Problem to solve: Beginning with the line that holds "Your bow vise", output every remaining line of the material below exactly, and include none of the pictures.

Data excerpt:
+-------+
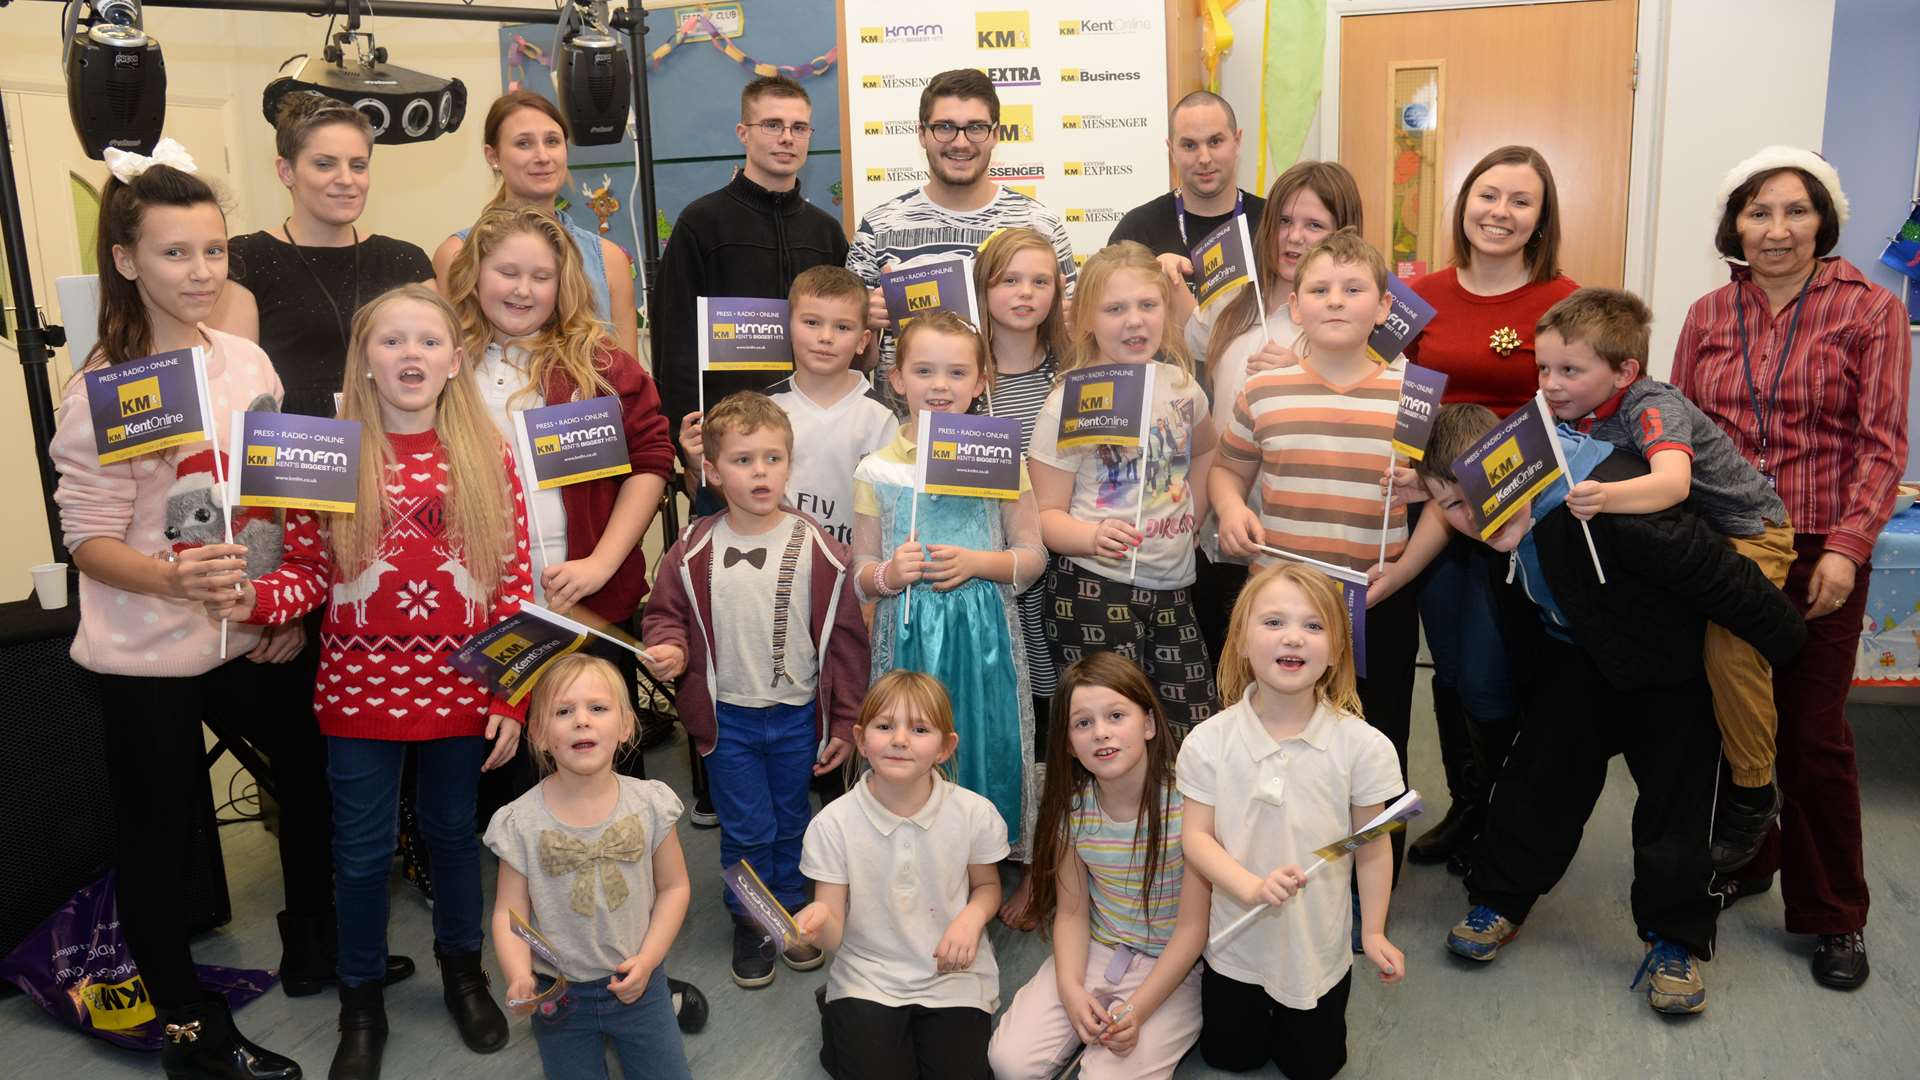 KMFM DJ Ben Pearce with children and staff at the Spring Lane Neighbourhood Centre Christmas party on Friday. Picture: Chris Davey FM3573258
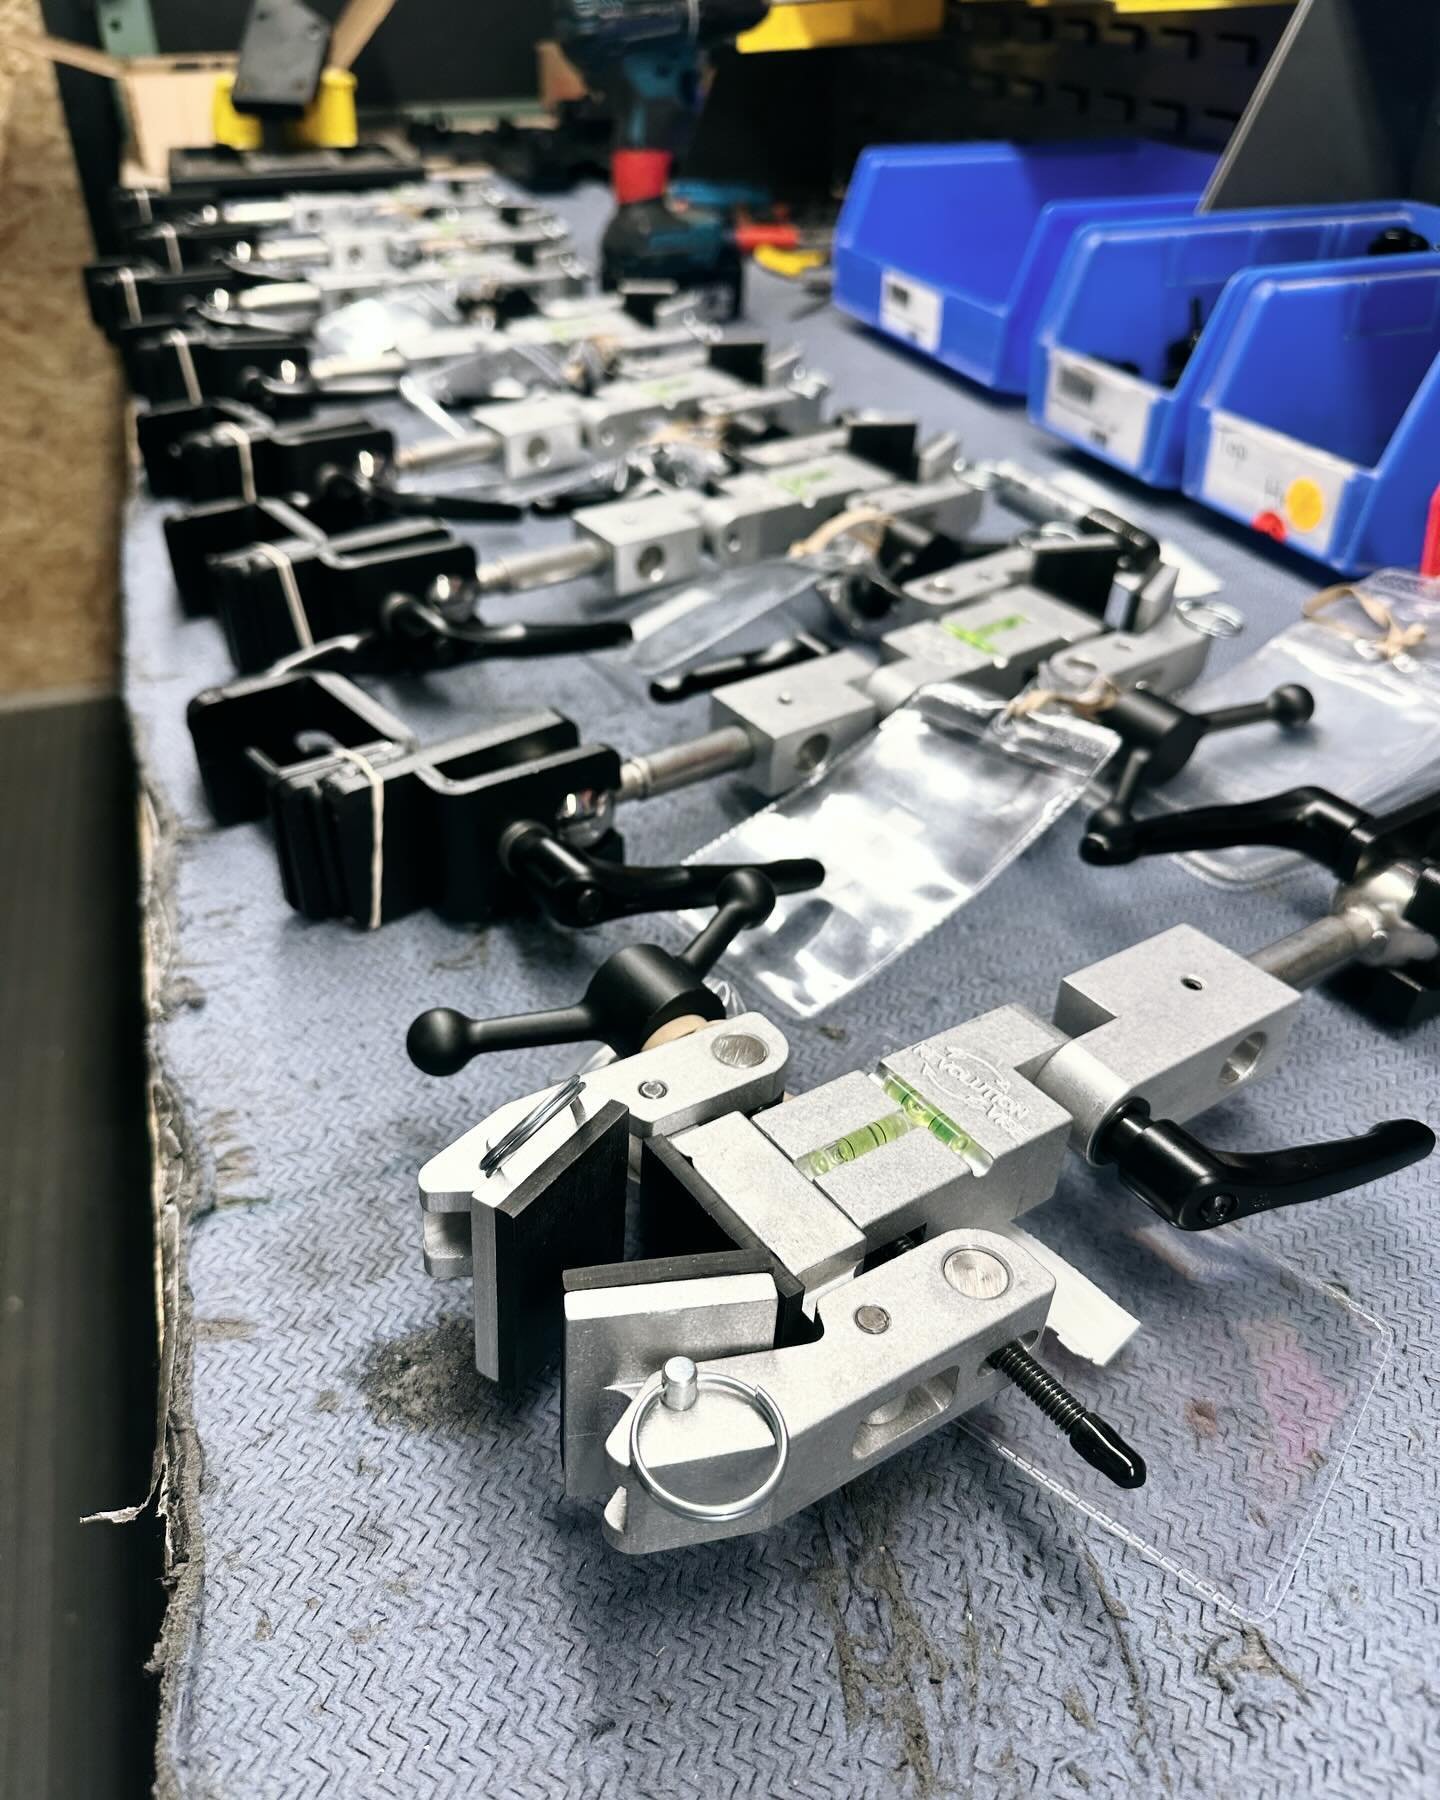 Your bow vise headquarters! The Revolution and EZ Green Vises are piling out the door daily. Check them out through our website! 

#lastchancearchery
+-------+
Answer for this exercise:
 Your bow vise headquarters! The Revolution and EZ Green Vises are piling out the door daily. Check them out through our website! 

#lastchancearchery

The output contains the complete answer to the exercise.